When the Foxconn fiasco was in its earliest stages, it was already clear to The Capital Times that the arrangement between former Gov. Scott Walker and the scandal-plagued Taiwanese corporation was “a travesty.” In 2017 we explained, “No matter what final form the agreement takes, it can and should be opposed by Democrats and Republicans, liberals and conservatives. There are no partisan nor ideological ‘sides’ in this debate. The division is between those who want to create jobs in a smart and responsible way that yields long-term benefits and those who propose to throw money at corporations that play states and nations against one another.”

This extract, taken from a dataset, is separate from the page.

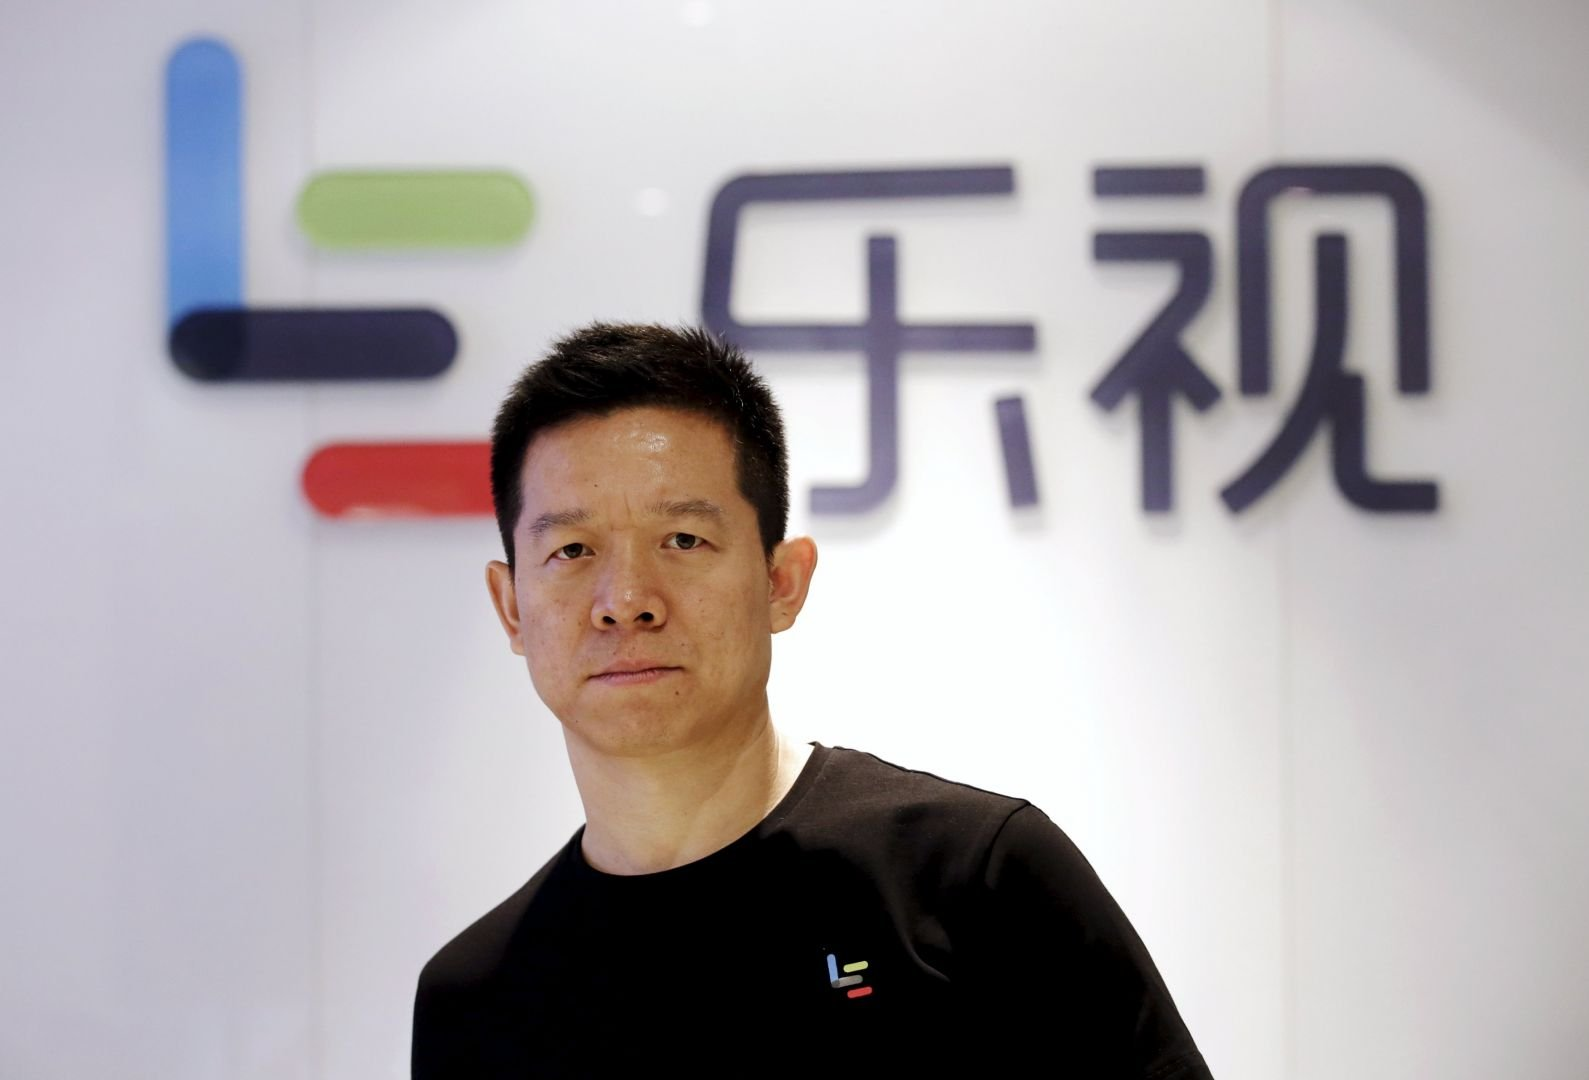 LeEco Jia Yueting

It was evident to any honest observer that the company’s promise to develop a manufacturing plant in southeastern Wisconsin that would ultimately employ as many as 13,000 workers represented an absurd and unobtainable promise by a foreign corporation that wanted to get on the good side of Donald Trump before the president started imposing tariffs.
Only a major fool would have promised to support the Foxconn fantasy with a promise of perhaps $3 billion, perhaps $4.5 billion, in tax dollars to secure the project.
Scott Walker was a major fool.
When the details of the boondoggle began to be revealed in 2017, we explained: “The Foxconn deal represents the worst form of crony capitalism — an agreement to transfer billions of dollars in taxpayer funds to a foreign corporation. It locks Wisconsin into a semi-permanent relationship with a rogue organization that has an international reputation for treating workers poorly, harming the environment, and failing to follow through on agreements.”
Walker's ineptitude became obvious. That’s one of the reasons why he was defeated for re-election last fall.
But the blame was never entirely on Walker.
In August of 2017, we wrote an editorial headlined: “Legislature needs to fix Scott Walker's flawed Foxconn deal.” Noting former state Senate Minority Leader Mark Miller’s observation that “the governor has been suckered once again,” we argued, “Now, it falls to the Legislature to address the fundamental flaws in the deal Walker has cut with Foxconn. The power of the purse gives legislators the authority to check and balance Walker’s deal making, and they have a responsibility to do just that.”
Instead of stepping up for sound economic development and fiscal responsibility, Assembly Speaker Robin Vos, R-Burlington, and Senate Majority Leader Scott Fitzgerald, R-Juneau, lined up with Walker. They joined the governor in approving an arrangement that lacked meaningful guarantees and oversight.
Like Walker, Vos and Fitzgerald were ready to pose for pictures with the president and visiting executives, but they refused to perform even the most basic watchdog duties.
The Foxconn executives were not fools. They recognized that, under the deal they had entered into, they could get away with rearranging, and even abandoning, commitments. And, ever since Vos and Fitzgerald marched their respective legislative chambers onto the Foxconn playing field, the corporation has been in a constant process of moving the goalposts.
Last week, Reuters reported that Foxconn was reassessing its plans to manufacture LCD display panel screens in Wisconsin. Then the company signaled that it was still interested in developing an assembly facility. And tech-industry observers warned that the unsettled circumstance was likely to continue.
No one should have been surprised to learn that the company was at least reviewing options for backing out of the commitment to manufacture the LCD display panel screens. As Reuters explained, “Foxconn can make more money by manufacturing the panels in East Asia, assembling them in Mexico and then importing to the United States.” Beyond that, LCD profit margins are down and technological developments are already threatening to shrink the market.
Nor should anyone be surprised that, after the Reuters report was published at a particularly inconvenient moment for a company that is very interested in ongoing negotiations about tariffs and trade, Foxconn would go into damage-control mode and tell the Trump administration that it would still build something in the 2020 election battleground state of Wisconsin. Foxconn will keep trying to stay on Trump’s good side as long as it can.
What was surprising was the attempt by Robin Vos and Scott Fitzgerald to blame newly elected Gov. Tony Evers for chaos that extends — at least in part — from their dereliction of duty. The Republican legislators reacted to the initial Reuters report by announcing: "The company is reacting to the wave of economic uncertainty that the new governor has brought with his administration. Governor Evers has an anti-jobs agenda and pledged to do away with a successful business incentive for manufacturing and agriculture."
PolitiFact tagged Vos and Fitzgerald as “pants-on-fire” liars for that one.
There is no “wave of uncertainty,” Evers is not anti-jobs. The governor is trying to manage the mess he inherited from Walker.
The “pants-on-fire” label is amusing. But it does not begin to call Vos and Fitzgerald out for the damage they have done to Wisconsin. They were negligent. They failed the taxpayers. Then, when things went awry, they tried to put the blame on an honorable official who is doing his best to salvage something from a mess that others created.
Robin Vos and Scott Fitzgerald are contemptible liars. Their continued presence in state government shames Wisconsin.